Most Iraqis believe that security has deteriorated during the six-month US military surge, according to opinion polls. But the impression of success given by Petraeus has helped blunt the political pressure for early withdrawal on Capitol Hill. It has also fed a renewed spirit of triumphalism among a few brave outriders of the discredited neocon project who now claim the Iraq war is turning into a success after all. The Times, for example, this week declared that "Iraq is moving irrevocably in the right direction" and argued against any "premature British departure" because it might undermine "real internal political progress" allegedly taking place.

Now the foreign editor of the well-connected Prospect magazine has gone one step further, reviving Bush's much ridiculed slogan of "mission accomplished" and declaring the Iraq war all but won. The Sunni Arabs are begging for a deal with the US, he claims, now the "insurgents have recognised there is little point fighting" such a powerful enemy, and the country has embraced democracy; what violence remains is largely local and criminal.

The evidence offered for this miraculous turnaround includes a recent drop in attacks on US and British forces, new local alliances between some Sunni tribal leaders, ex-resistance fighters and the US military against al-Qaida, and the participation of the popular anti-occupation Shia leader Muqtada al-Sadr in the US-sponsored political process. But the argument is wishful thinking on a grand scale.

It's true that the number of American soldiers killed in Iraq last month, at 66, was well down on this year's peak, but higher than the figure for August last year. Attacks on British troops fell much more sharply last month, but that followed the British withdrawal from Basra city and a prisoner release deal with Sadr's Mahdi army, which is in any case now on a six-month national ceasefire.

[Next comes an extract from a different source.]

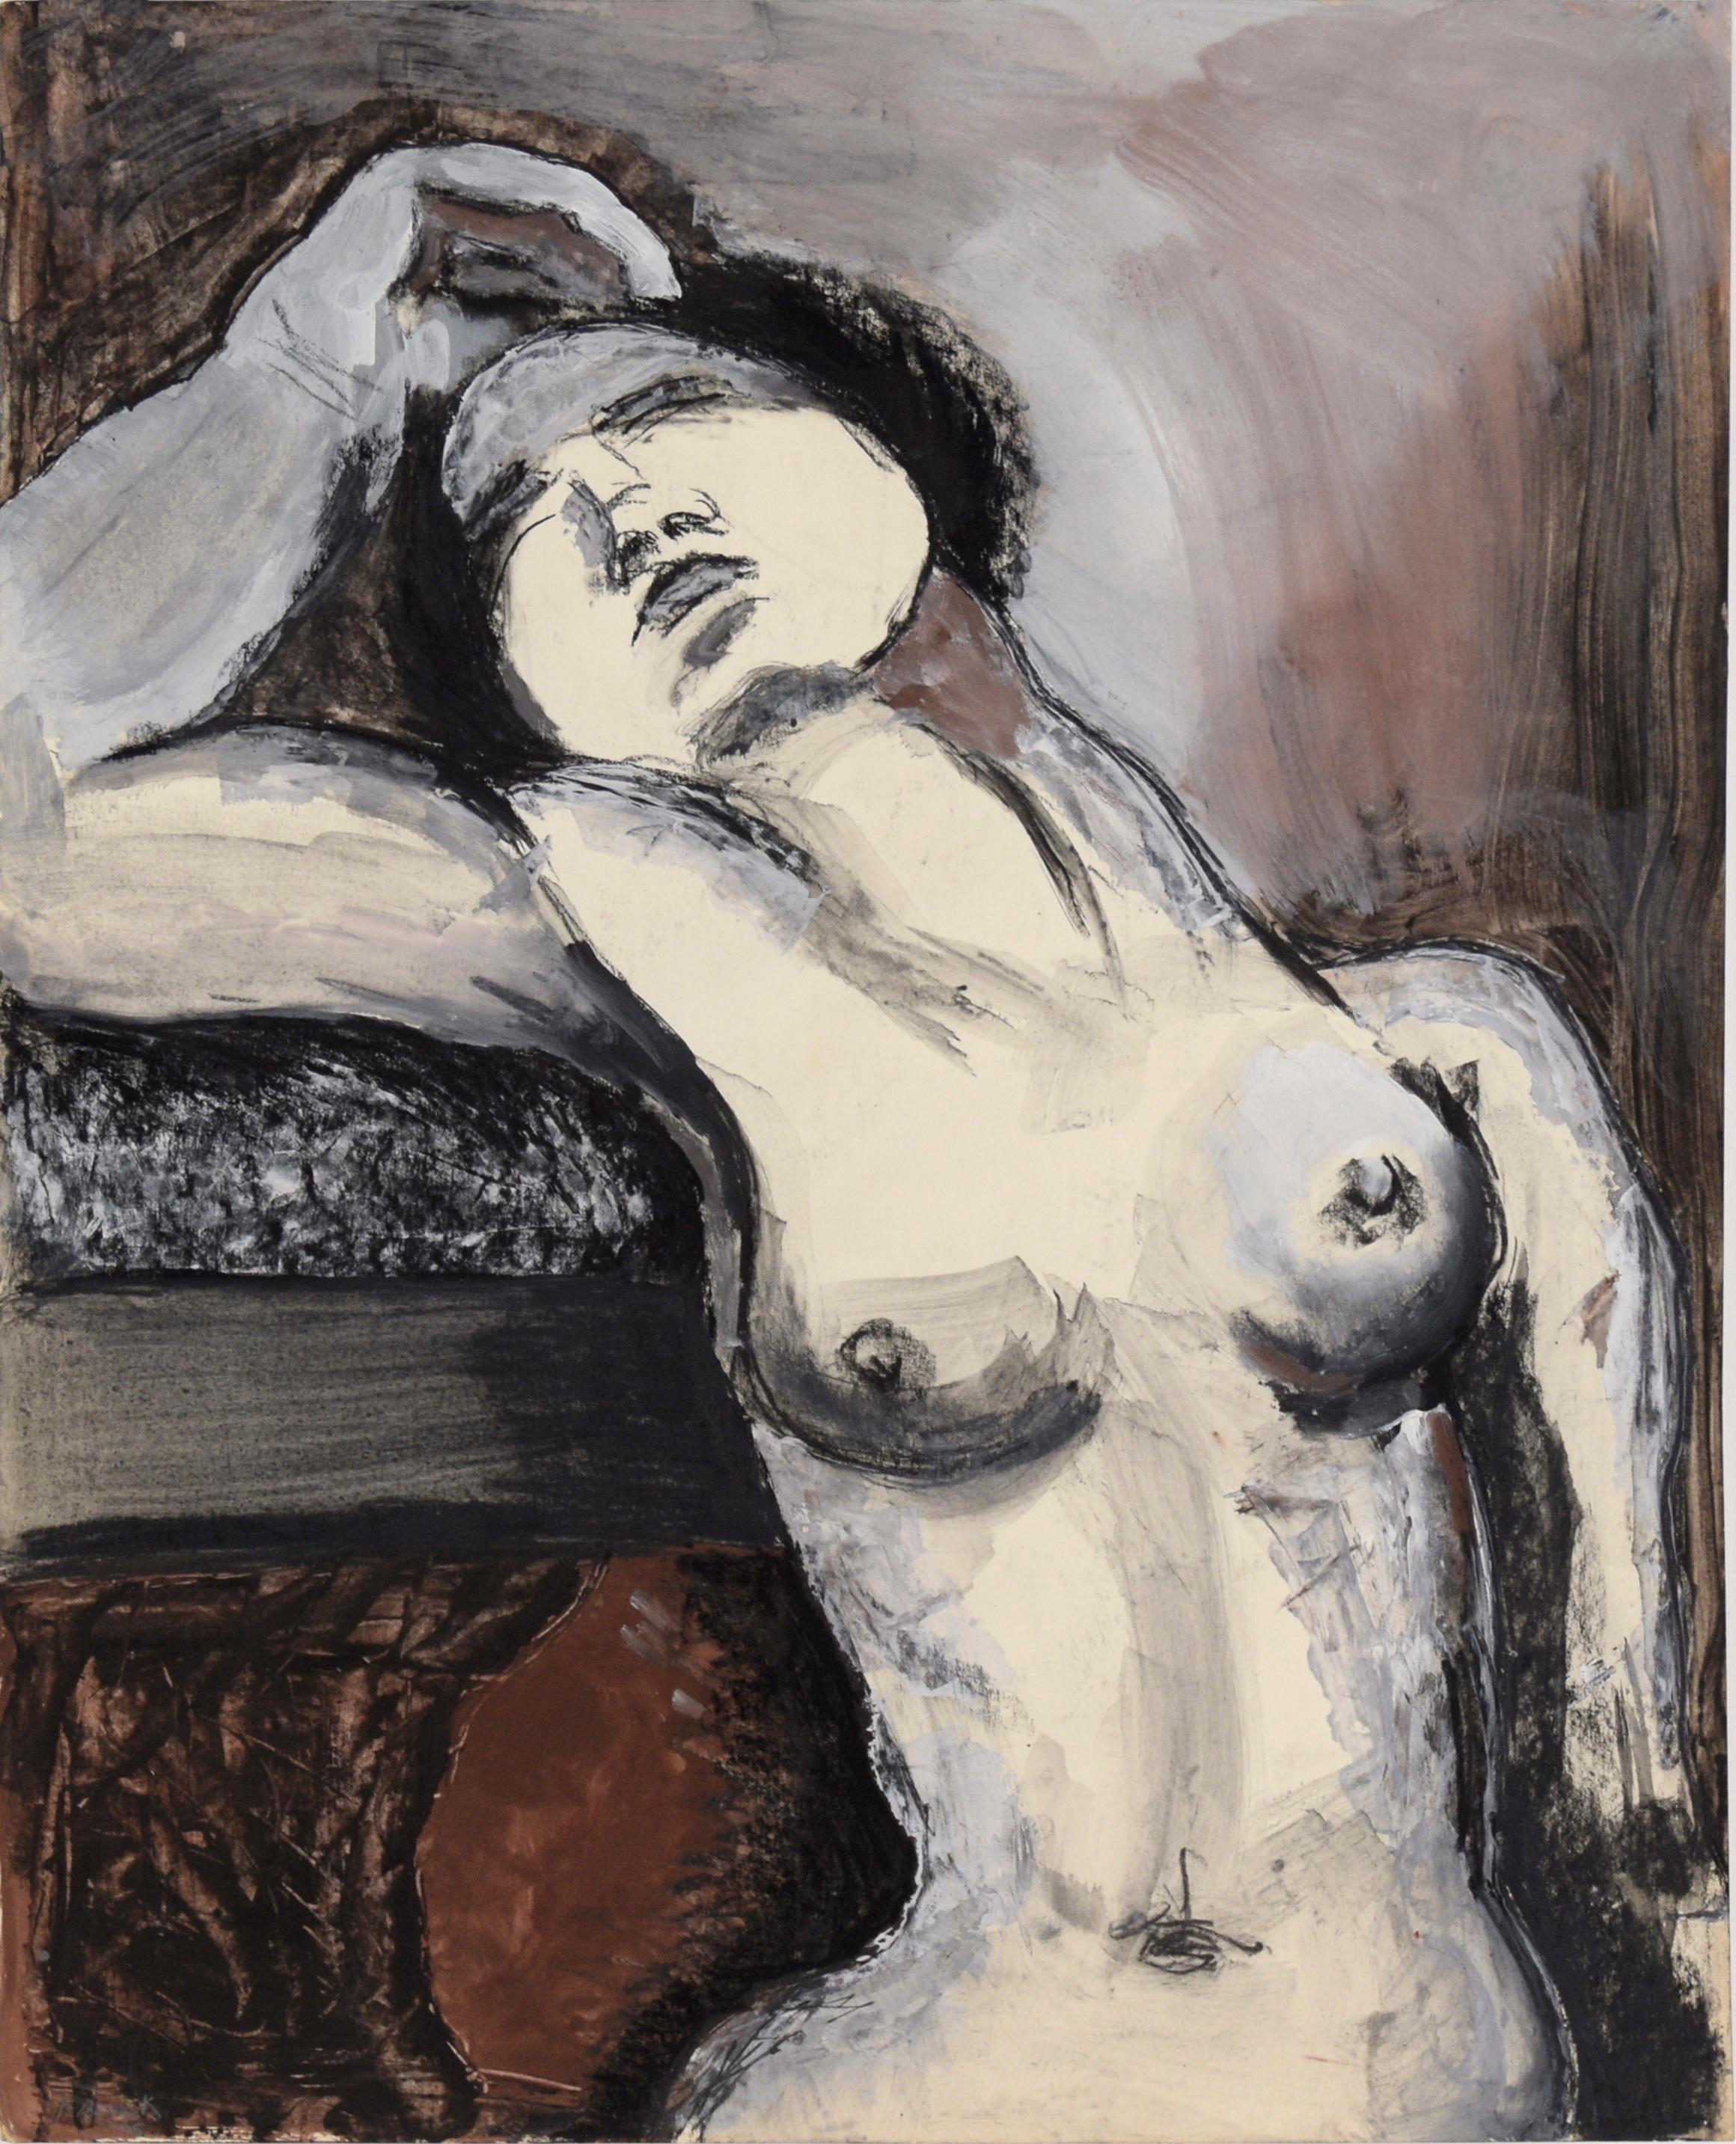 Katherine Kallick Figurative Painting - Black and White Nude Woman in Acrylic, Gouache, and Charcoal on Paper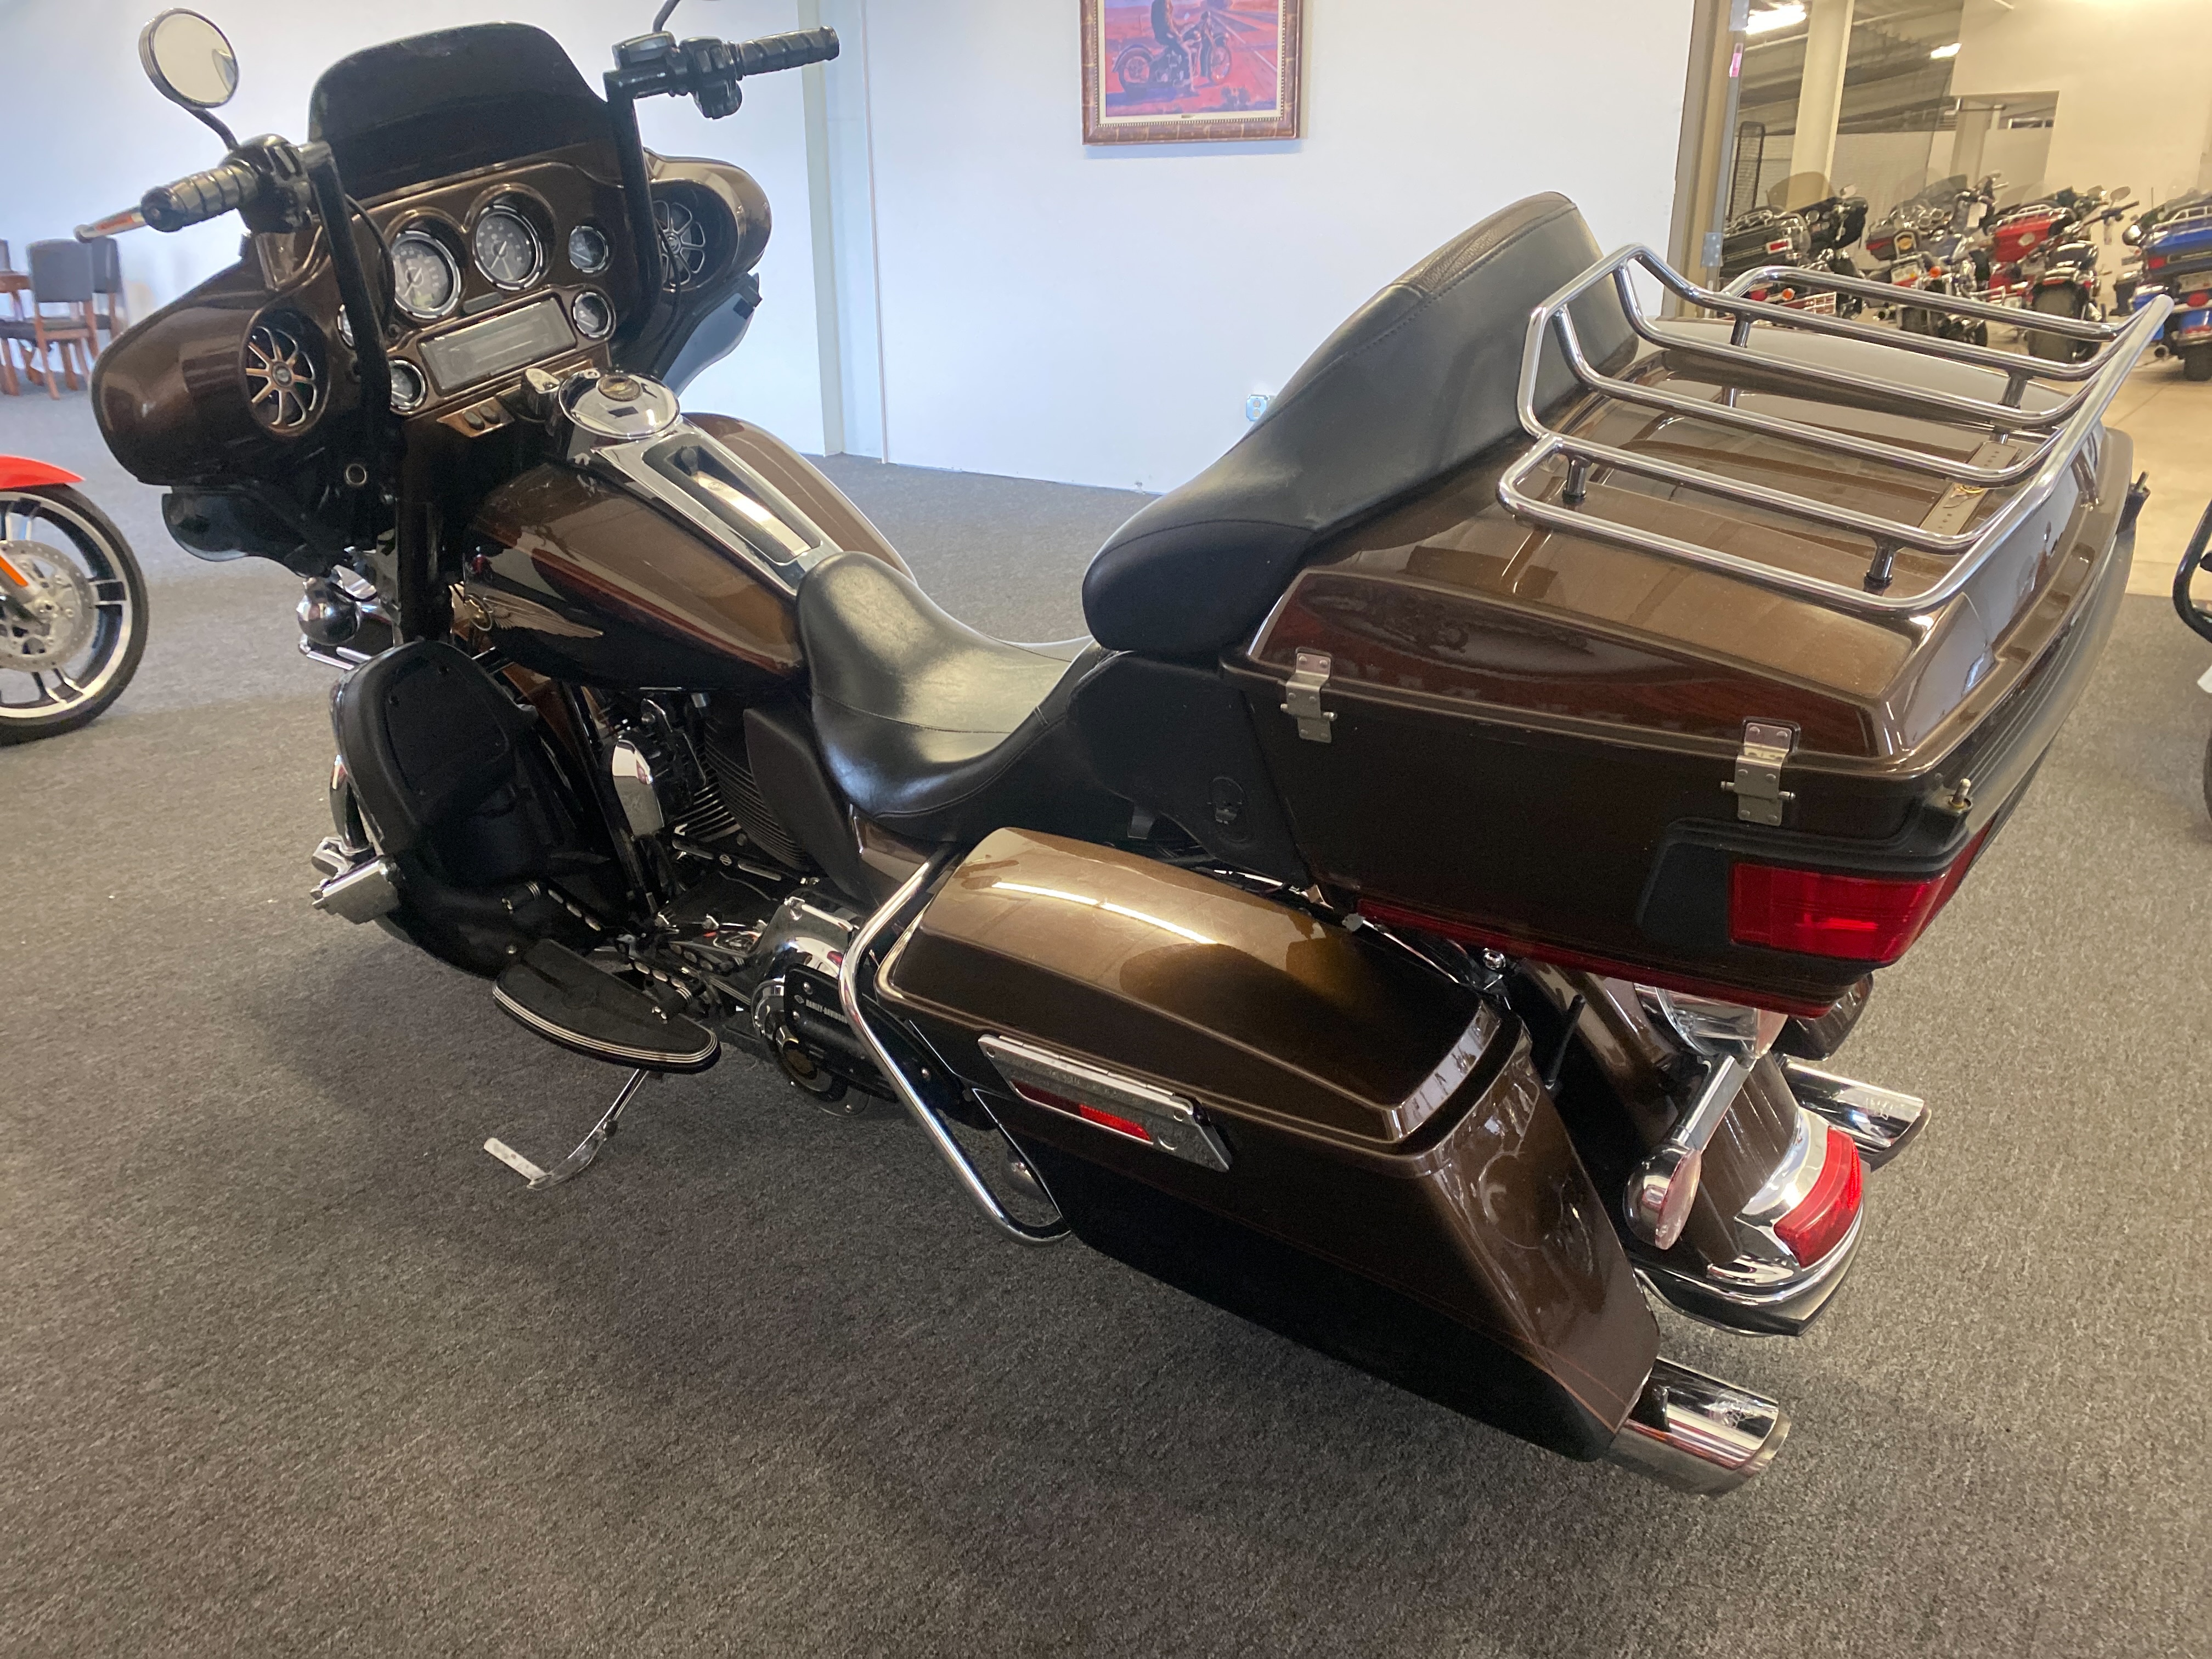 2013 Harley-Davidson Electra Glide Ultra Limited 110th Anniversary Edition at Outpost Harley-Davidson

No doubt the ability of resistance groups to operate freely has been hampered by the flood of US troops and the carve-up of their cities with Israeli-style walls and checkpoints. Just as serious have been the divisions on both sides of the sectarian divide, fostered by the US since the surge began as it tilts this way and that in a classic divide-and-rule strategy. In the Sunni camp, that has been achieved mainly through US arming and financing the "tribal awakening" movement against al-Qaida, which has spread from Anbar province and drawn in some on the fringes of the resistance who now regard Iran rather than the US as the main enemy. It's the principal reason why the launch of an alliance bringing together all the main Sunni-based resistance groups has been delayed.

'We don't want to have a clash with those who have become involved in the awakening campaign," a spokesman for the 1920 Revolution Brigades, one of the largest guerrilla organisations fighting the US occupation, said yesterday. "We will give time to people who have been harmed by al-Qaida and its violence. We are now fighting the Americans more outside the cities." But he dismissed as disinformation a claim in last week's Economist that members of the Brigades now "accompany the Americans as guides on patrols", pointing to a video of a successful attack by the group in the past week on a US humvee just broadcast on al-Jazeera as his answer. "Resistance will continue until the occupation forces leave our country."

That is surely the case - including in the British-occupied south. Supporters of the Iraq war have consistently underestimated the resistance campaign, which has in the words of a Brigades statement this week demonstrated that a "self-sufficient movement" can "destabilise the most powerful opponents". It's hardly surprising that more US troops and better tactics would have at least a temporary impact on the resistance. But the idea that it's about to fall into an American embrace because of an occupation-sponsored vigilante movement is as preposterous as the pretence that a prime minister who says he cannot "move a single company without coalition approval" is in charge of an independent democratic government. The tragedy is that the price being paid to win Iraq's independence is so horrifically high.